We explain why, if Fermat had a proof, it should have been very remarkable.
Introduction
According to Dickinson (1938), Fermat stated the following in 1637:
It is impossible to separate a cube into two cubes, or a biquadrate into two biquadrates, or in general any power higher than the second into the power of like degree; I have discovered a truly remarkable proof which this margin is too small to contain.”
This theorem is now known as Fermat’s Last Theorem, and it can be stated as follows.
Theorem 1 (Fermat’s last theorem) Let \(n\geq 3\) be an integer. The equation \[ x^n+y^n=z^n \] has no non-trivial solutions \(x,y,z\in \mathbb{Z}\).
First, observe that we can reduce to consider only triples \((x,y,z)\in \mathbb{Z}^3\) with \(\gcd(x,y,z)=1\). In particular, in this situation \(x,y,z\) are pairwise coprime: for instance, if a prime \(\ell\) divides \(x\) and \(z\), then it divides \(z^q-x^q=y^q\), hence it divides \(y\), contradicting \(\gcd(x,y,z)=1\). Moreover, Fermat himself proved the theorem in the case \(n=4\); therefore, using basic properties of powers, it is enough to prove the theorem for \(n=q\), where \(q\) is an odd prime.
To prove Theorem 1, we could naively proceed in the following way. Fix an odd prime \(q\geq 3\) and suppose that we had a non-trivial solution \(x,y,z\in \mathbb{Z}\) of \[ x^q+y^q=z^q \tag{1}\] Then, reducing this equation modulo every prime \(p\) such that \(p\nmid xyz\), we get a non-trivial solution modulo \(p\). Therefore, only finitely many primes \(p\) can fail to admit a non-trivial solution modulo \(p\). If we proved that for infinitely many primes \(p\) the reduction of Equation 1 modulo \(p\) has no non-trivial solution, then we would conclude that Equation 1 has no integer solutions at all.

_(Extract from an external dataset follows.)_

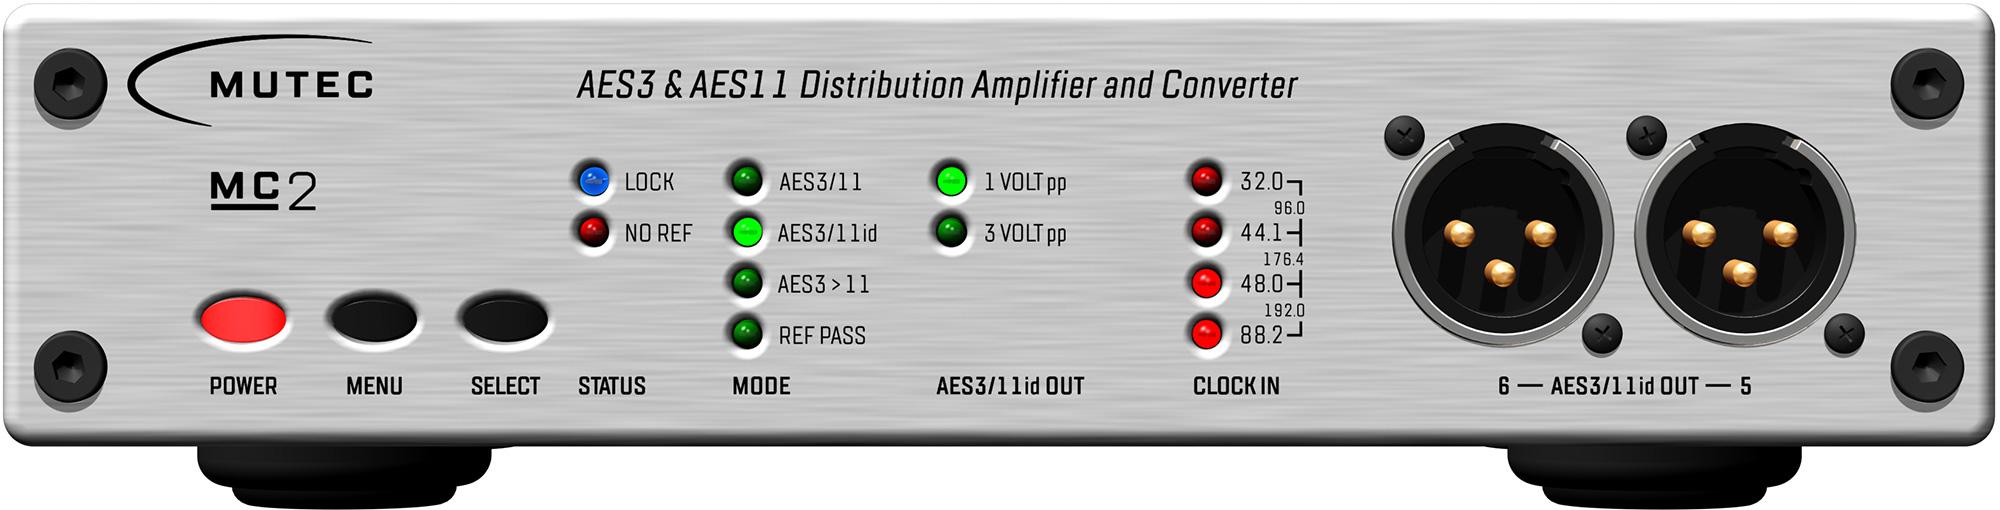 Mutec MC-2 Signal Distributor + Converter for AES formats MUT-MC-2

We will prove that this method cannot work. Indeed, we have the following.
Theorem 2 There exists an integer \(N\geq q\) such that for every prime \(p>N\), Equation 1 has a non-trivial solution in \(\mathbb{F}_p\).
Therefore, there are only finitely many primes with no non-trivial solution, which proves that the method cannot work.
Warm up: a special case
Proposition 1 Fix a prime \(q\). There are infinitely many primes \(p\) such that \(2\) has a \(q\)-th root in \(\mathbb{F}_p\).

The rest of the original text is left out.